池袋を目指して
武士の軍に襲い掛かる前田犬!
「この猫のストラップ、やる夫っちむっちゃ喜ぶぞ~」
朝比奈は両手で猫の携帯ストラップを持ってピョンピョンはねた。
「それより、こんな勝手に戦勝祝いのパーティーの用意とかしてていいんですかね、今戦時下ですよ」
武士が愚痴を言いながら折り紙を短冊に切ってそれでだ円を作り、折り紙のクサリをつくる。
「いいんだよ、この戦、絶対勝つんだから。相手は2千人くらいなんでしょ、それに対して4万で攻撃するなんて、いくらなんでも用心深すぎんだろやる夫っち、そこがいいとこなんだけどね~、うふふ、やる夫っちってばすげー猫が好きなんだよ、知ってた?ねえ知ってた?」
「もう何十回も聞きましたよ~」
「えへへえ、あ、そうだバカ夫坊ちゃんも呼んであげなきゃ」
「駄目ですよ、今戦時下なんだから、パーティーも新宿に帰ってからやったほうがいいですって、バカ夫坊ちゃんを危険にさらさなくてもいいでしょ。勝ったとしても残党が潜伏してる可能性があるんだし」
「あーそれもそうかもねー、祝勝会場、新宿にすっか、やる夫っちに電話で聞いてみる」
朝比奈は都知事の携帯に電話をかける。
「……おかしい」
朝比奈の顔色が変わる。
「どうしたんですか?」
「着信拒否されてる」
「あまりうるさいから着信拒否されたんでしょ。

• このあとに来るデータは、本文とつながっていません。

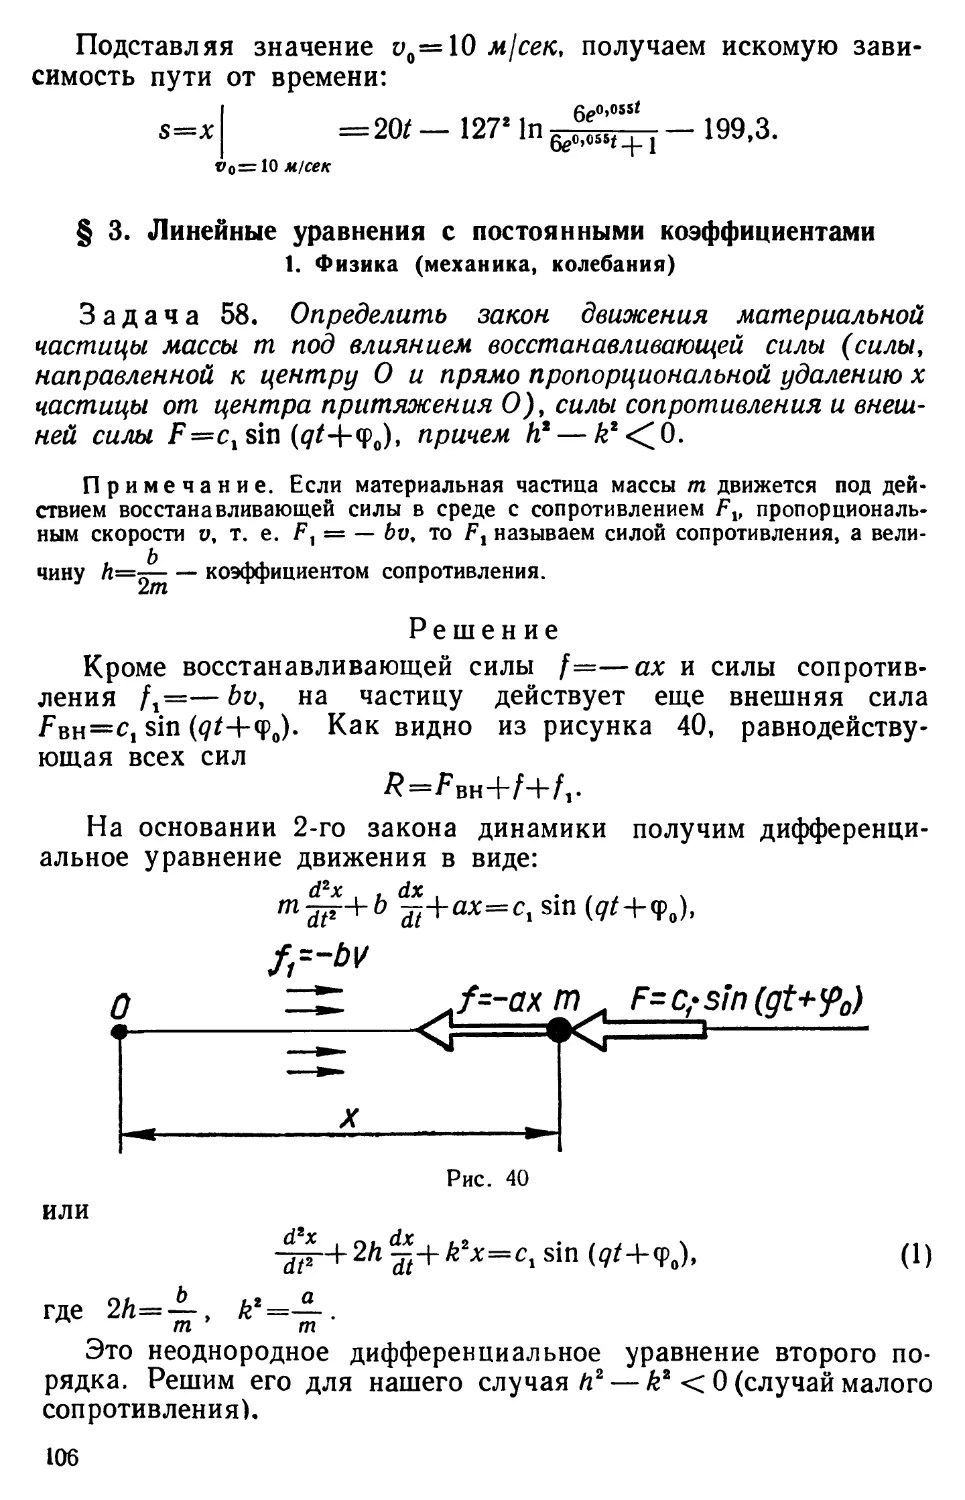 § 3. Линейные уравнения с постоянными коэффициентами

また仲が良くなったら元に戻してくれますって」
「そんな事ない!やる夫っちはみるくちゃんの親友なんだよ!絶対に着信拒否なんてするわけない!敵に携帯を奪われたんだ。助けにいかなきゃ!」
「駄目ですよ、大井町を守るよう、命令されたんでしょ!」
「おい!偵察部隊を編成する。各員第一級戦闘態勢へ、いつでも出陣できるようにしろ!」
朝比奈の怒鳴り声でその場に急に緊張が走る。
「新宿の新蔵に電話してみるわ……なんだ、こっちも着信拒否かよ、じゃあ」
朝比奈はせわしなく電話をかける。
「おい!藤林も着信拒否か!じゃあ……」
朝比奈は苛立ちならがあちこちに電話をかける。
「おお、新宿本部か、新蔵とか新次郎とかどうした。なに?中国地方を占領している毛麗軍に亡命しただと?都庁軍のヘリコプターを勝手に使って?くそが!裏切りやがった、あとでやる夫っちに頼んで処刑してもらう!」
そこに前線から伝令が走りこんでくる。
「阿保神やる夫閣下、秋葉原にて敵の奇襲攻撃を受け、お討ち死!」
「何っ!」
朝比奈の顔が見る間に蒼白になった。
「殺す!祭童殺す!全軍出撃!」
「だめだ!」
朝比奈の前に武士が立ちはだかる。
「どけ!殺すぞ!」
「やる夫閣下は死んだ!もう帰ってこない。それよりも、ご子息のバカ夫閣下を保護すべきでしょう。敵軍はやる夫閣下を討った勢いに乗ってバカ夫閣下を捕まえるために新宿に進軍しているはずだ。バカ夫閣下が生きていれば都庁軍の次の旗頭になる」
武士の言葉を聞いて朝比奈が目を見張る。
「ああ、バカ夫ちゃん。バカ夫ちゃんをたすけないと、バカ夫ちゃんが死んだらやる夫っちが悲しむ。全軍出撃!我が軍は新宿に向かう。武士ついてこい」
「はい!」
武士は武黒衆を率いて朝比奈軍に追随した。
首都高速中央環状線を取って朝比奈と武士の軍は新宿に急ぐ。そして、大橋インターに差し掛かったとき。
「うおおおおおー!」
いきなり横合いからときの声が響き渡った。
「決着をつけにきたぜ、チビ助!」
横合いから飛び出してきた前田犬がいきなり朝比奈を殴りつけた。朝比奈はふっとび、高速道路のから落ちて地面にたたきつけられる。しかしそのまま起き上がって、ジャンプし、高速道路にもどってきた。
「かまわず進め!」
朝比奈は大声で叫ぶ。
「うあっ!」
「ぐはっ!」
前田の軍勢に槍で突かれ、あるいは刀で切りつけられ、朝比奈軍の兵士が次々と倒れていく。それでも朝比奈軍は動きを止めない。
「逃げるか!この腰抜けが!」
逃げようとする朝比奈の頭を後ろから掴んで高速道路にたたきつけ、後頭部を何ども踏みつける前田犬。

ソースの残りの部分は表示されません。